On the regulation side, agencies such as U.S. Citizenship and Immigration Services (USCIS) and U.S. Customs and Border Protection have tightened up adjudications and how they review petitions. Numbers of H-1B petition denials and Requests for Evidence (RFEs) have spiked. “They came out with a policy that said we will no longer give deference to a previous approval,” Cooney adds. “So if you have an employee who was an H-1B worker and maybe had two or even three previous approvals, the fourth time may not be lucky, because they’re now looking at every petition as though it was the first time it was filed.”

Worksite enforcement has also increased drastically due to the use of new government technology to carry out I-9 inspections. “Look at doing an audit of your company’s I-9s just to be prepared,” Cooney suggests.
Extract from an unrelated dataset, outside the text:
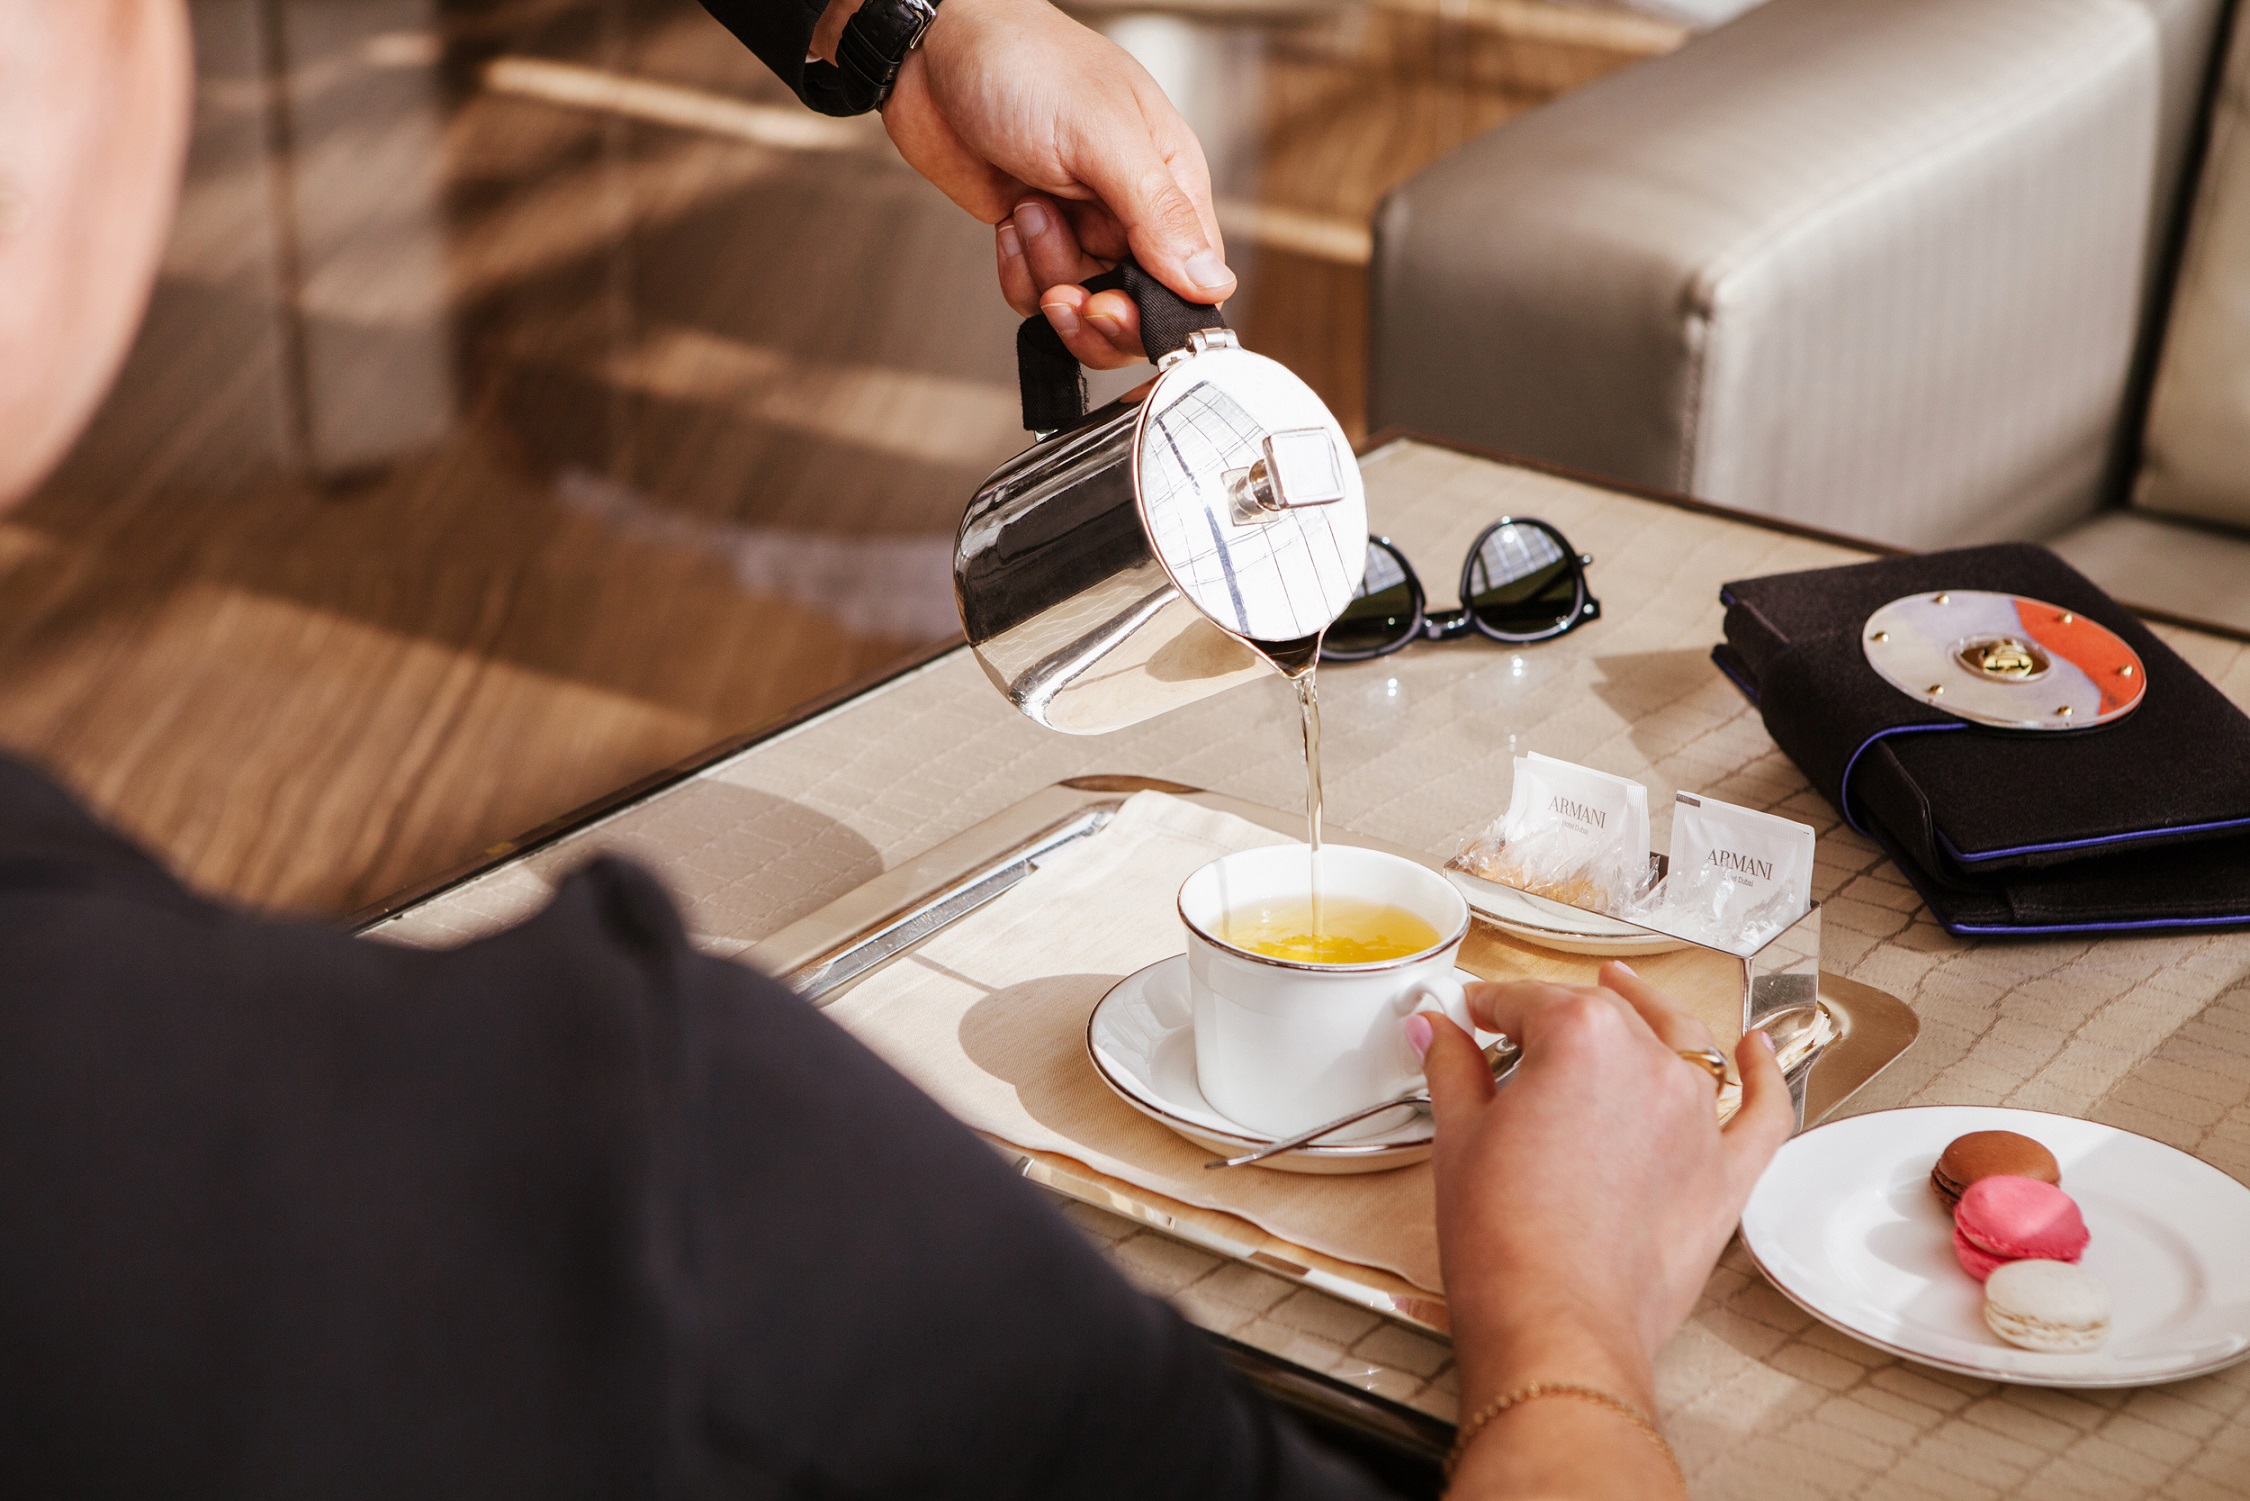 أمسيات الشاي مع الذهب 24 قيراط من أرماني لاونج

“The one piece to keep your ears open for is the new ‘Jared Kushner’ immigration plan,” she adds, referring to a proposal by Trump’s adviser and son-in-law that was unveiled in May. “What we expect is fewer family immigrants and more high-skilled, merits-based-employment immigrants.”

Mexico: Everything Is New

In addition to the lack of updates to the USMCA’s professions list, Vicente Fabela says, important factors affecting workforce mobility in Mexico currently include advantages granted by Mexico for the labor mobility of its commercial partners and Mexico’s steps to reform its labor legislation.

“We have a new president, a new Congress—everything is new, politics is new in Mexico,” Fabela says. Consistent with commitments made under the USMCA, he adds, “Mexico has been working to develop new rules for investment in energy, for immigration, and to develop our labor rules. This is really important for Mexico in this moment.” The Mexican Congress enacted a labor reform law on May 1.

“With the new reform of the labor law, we are trying to achieve a consolidation of democracy of unions and freedom of association of workers,” Fabela says. An especially important provision, in Fabela’s view, is the election of union leaders by secret vote. “We know that this issue with union workers in Mexico is a little bit dark,” he says. “So we will review all the collective agreements in Mexico within a term of the next four years” with an eye to “transparency and accountability in the management of union dues and finances” and “with a perspective of gender equality, with representation of women in the organs of the union.” 

“We have new rules,” Fabela says, “but we need to apply and develop the work life in Mexico in the next years.”